Gross savings is based upon a 10 percent reduction in the total amount
paid for claims in Calendar Year 2019. We deducted from the gross
savings the anticipated cost for performing the prior authorization
reviews in order to estimate the net savings. Our gross savings
estimate of 10 percent is based on previous results from other prior
authorization programs,
[[Page 2058]]
including prior authorization of other DMEPOS items.
---------------------------------------------------------------------------
\4\ The additional PMD codes that will be added were not
included in the data analysis because PMD codes are already part of
a successful prior authorization program. Since some PMDs are
already subject to prior authorization, other PMDs may demonstrate
billing shifts across the policy groups, and as such, savings are
more difficult to accurately forecast and may be less identifiable.
---------------------------------------------------------------------------
The RFA requires agencies to analyze options for regulatory relief
of small entities. For purposes of the RFA, small entities include
small businesses, nonprofit organizations, and small governmental
jurisdictions. Most hospitals and most other providers and suppliers
are small entities, either by nonprofit status or by having revenues of
less than $8.0 million to $41.5 million in any 1 year. Individuals and
States are not included in the definition of a small entity. We are not
preparing an analysis for the RFA because we have determined, and the
Secretary certifies, that this regulatory document will not have a
significant economic impact on a substantial number of small entities.

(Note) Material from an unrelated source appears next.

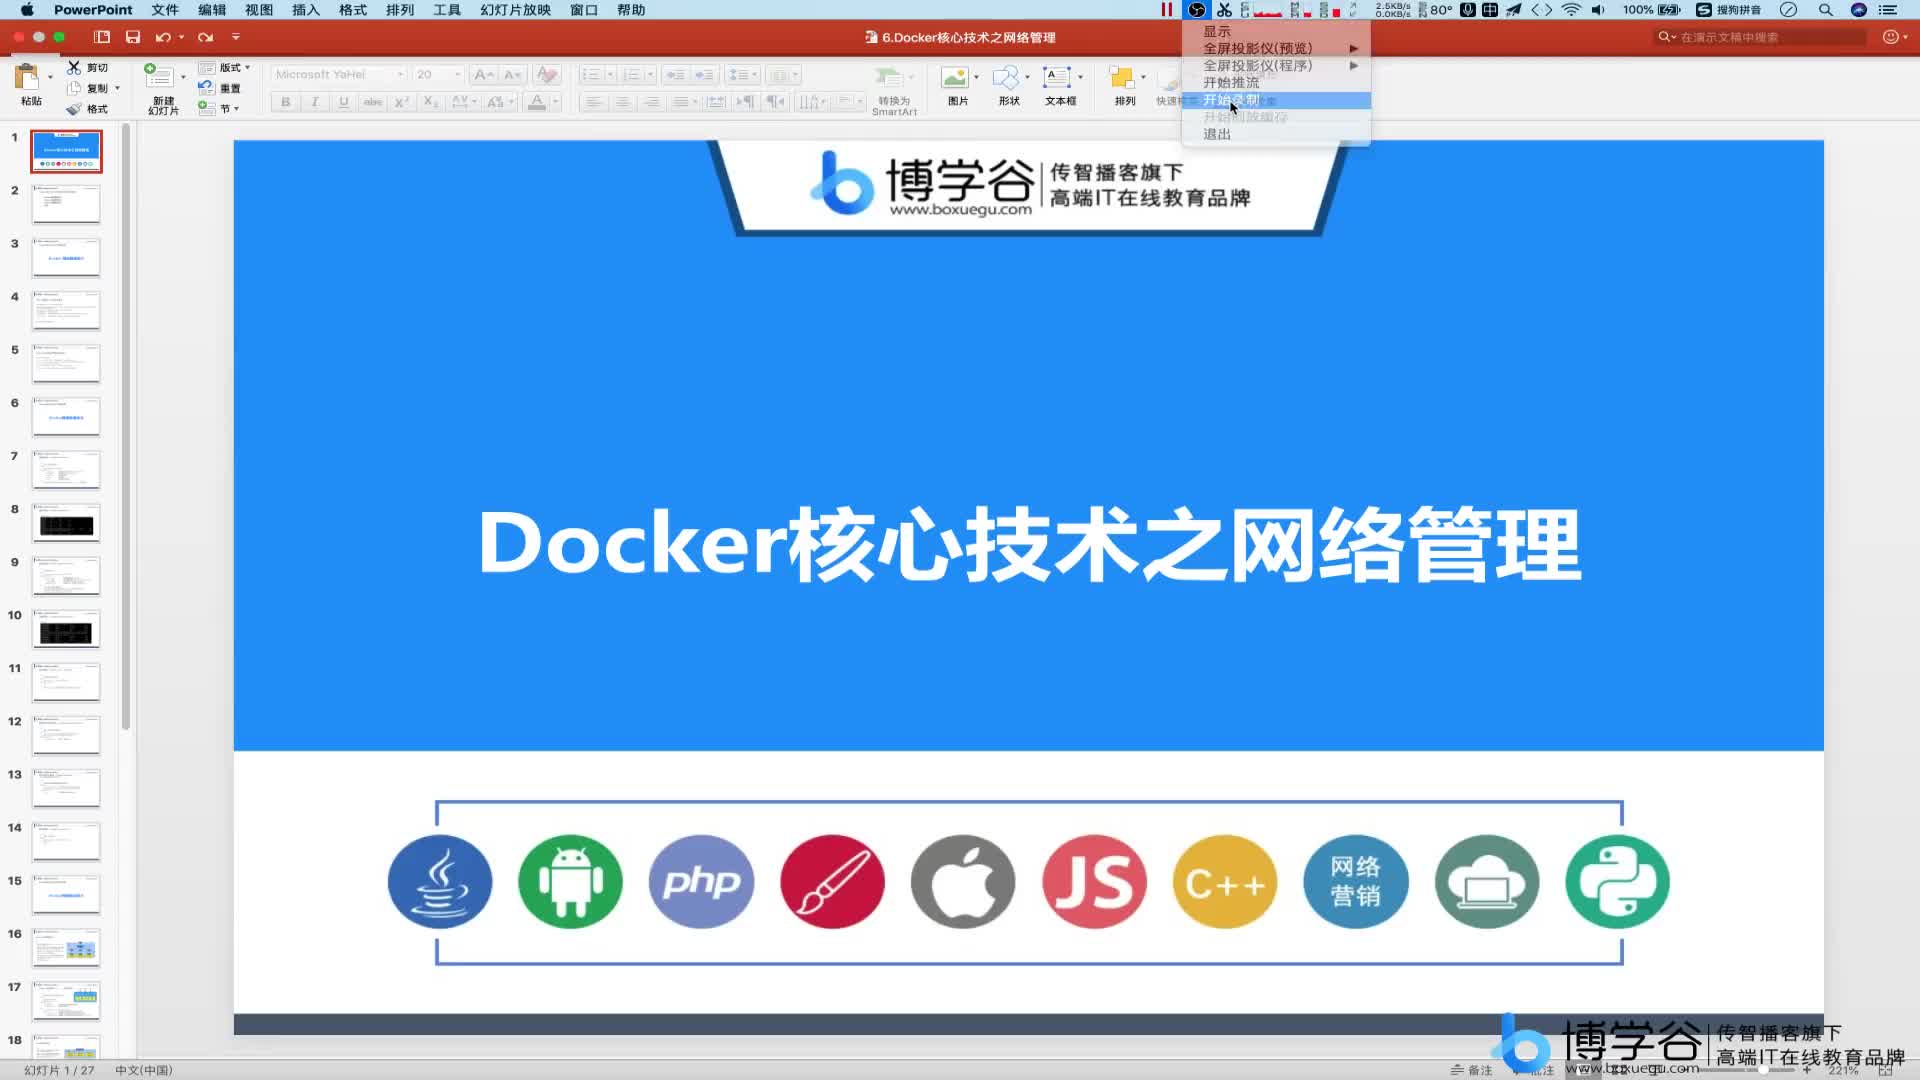 1.Docker网络管理阶段课程简介

In addition, section 1102(b) of the Act requires us to prepare an
RIA if a rule may have a significant impact on the operations of a
substantial number of small rural hospitals. This analysis must conform
to the provisions of section 604 of the RFA. For purposes of section
1102(b) of the Act, we define a small rural hospital as a hospital that
is located outside of a Metropolitan Statistical Area for Medicare
payment regulations and has fewer than 100 beds. We are not preparing
an analysis for section 1102(b) of the Act because we have determined,
and the Secretary certifies, that this regulatory document will not
have a significant impact on the operations of a substantial number of
small rural hospitals.
Section 202 of the Unfunded Mandates Reform Act of 1995 also
requires that agencies assess anticipated costs and benefits before
issuing any rule whose mandates require spending in any 1 year of $100
million in 1995 dollars, updated annually for inflation. In 2021, that
threshold is approximately $158 million. This regulatory document will
have no consequential effect on State, local, or tribal governments or
on the private sector.
Executive Order 13132 establishes certain requirements that an
agency must meet when it promulgates a proposed rule (and subsequent
final rule or other regulatory document) that imposes substantial
direct requirement costs on State and local governments, preempts State
law, or otherwise has Federalism implications. Since this regulatory
document does not impose any costs on State or local governments, the
requirements of Executive Order 13132 are not applicable.
In accordance with the provisions of Executive Order 12866, this
document was reviewed by the Office of Management and Budget.
The Administrator of the Centers for Medicare & Medicaid Services
(CMS), Chiquita Brooks-LaSure, having reviewed and approved this
document, authorizes Lynette Wilson, who is the Federal Register
Liaison, to electronically sign this document for purposes of
publication in the Federal Register.
Dated: January 10, 2022.
Lynette Wilson,
Federal Register Liaison, Centers for Medicare & Medicaid Services.